We found that hardware plays a huge role in the performance of these connections. The most important part of that being the encoding latency of the video. Encoding latency is the amount of time it takes for the hardware on a GPU to compress a frame of video captured off of the GPU to prepare it to be shipped across the internet to the guest PC. Nvidia’s NVENC is approximately 2.59 times faster than AMD VCE and 1.89 times faster than Intel Quick Sync. The median encoding latency for an Nvidia card is 5.8 milliseconds; whereas, the median encoding latency on VCE is 15.06 milliseconds. This encoding latency is measured across all Co-Play sessions in Parsec, so there’s definitely a performance difference between newer generation cards than older generation cards, which we will examine in a future post.
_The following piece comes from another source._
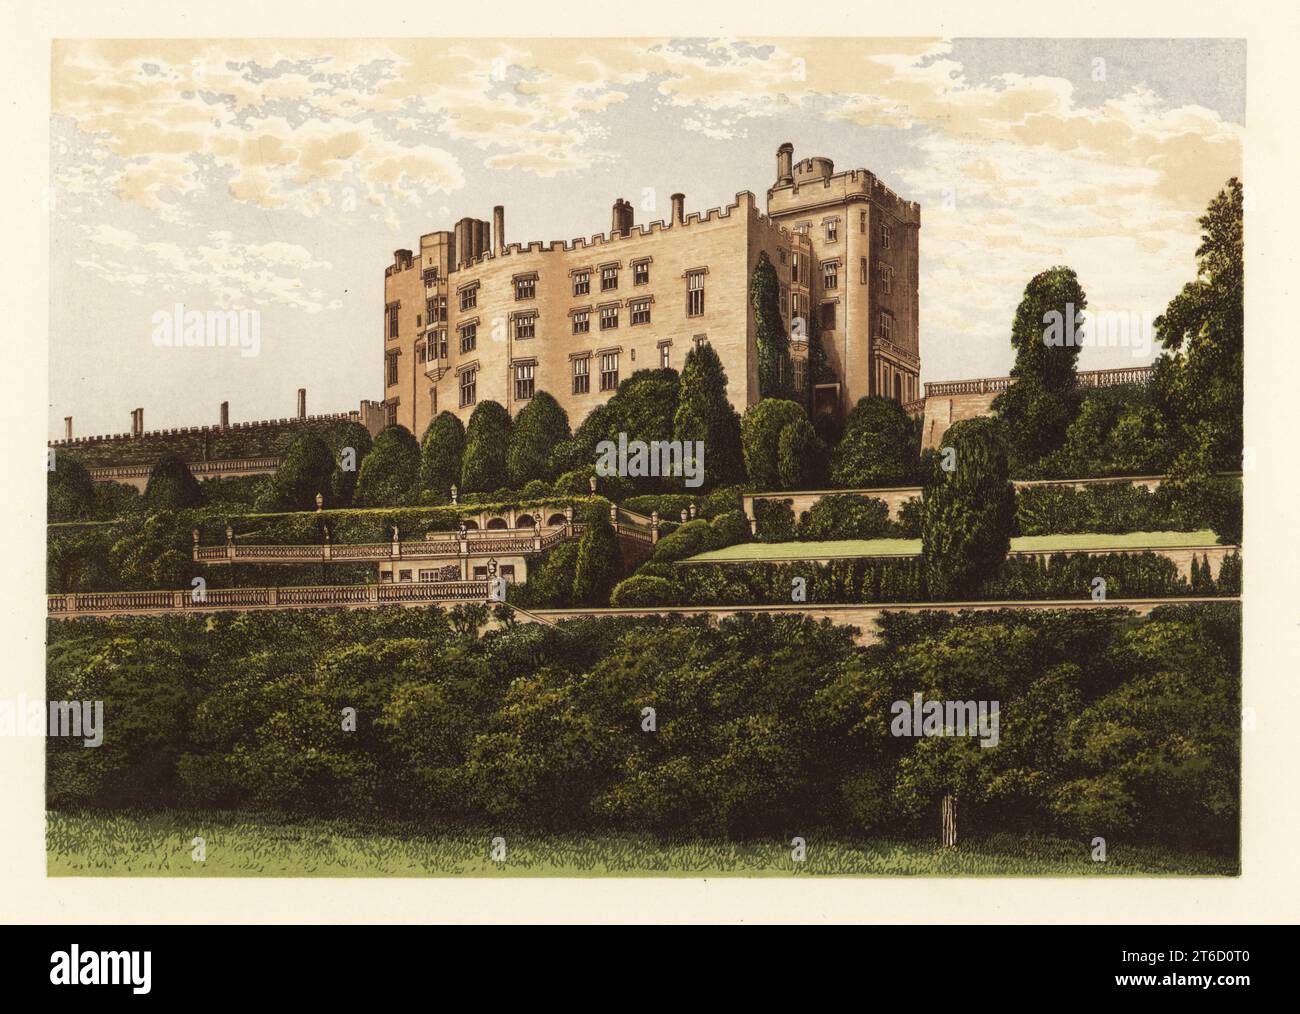 Powis Castle, Montgomeryshire, Wales. Medieval castle, fortress and mansion in red stone built in the 13th century repaired in the 19th century by Sir Robert Smirke for Edward Clive, 1st Earl of Powis, son of Robert Clive, who made his fortune at the Battle of Plassey. Colour woodblock by Benjamin Fawcett in the Baxter process of an illustration by Alexander Francis Lydon from Reverend Francis Orpen Morriss Picturesque Views of the Seats of Noblemen and Gentlemen of Great Britain and Ireland, William Mackenzie, London, 1880. Stock Photo

https://blog.parsecgaming.com/nvidi...latency-in-parsec-co-op-sessions-713b9e1e048a

The problem seems to stem from the fact that AMD's VCE performance has regressed across generations, comparing R9 380/285 and which uses VCE3.0, tops out at 128fps at 1080p H264 Quality, FuryX drops to 77fps and RX 480/470 drops further to 55fps.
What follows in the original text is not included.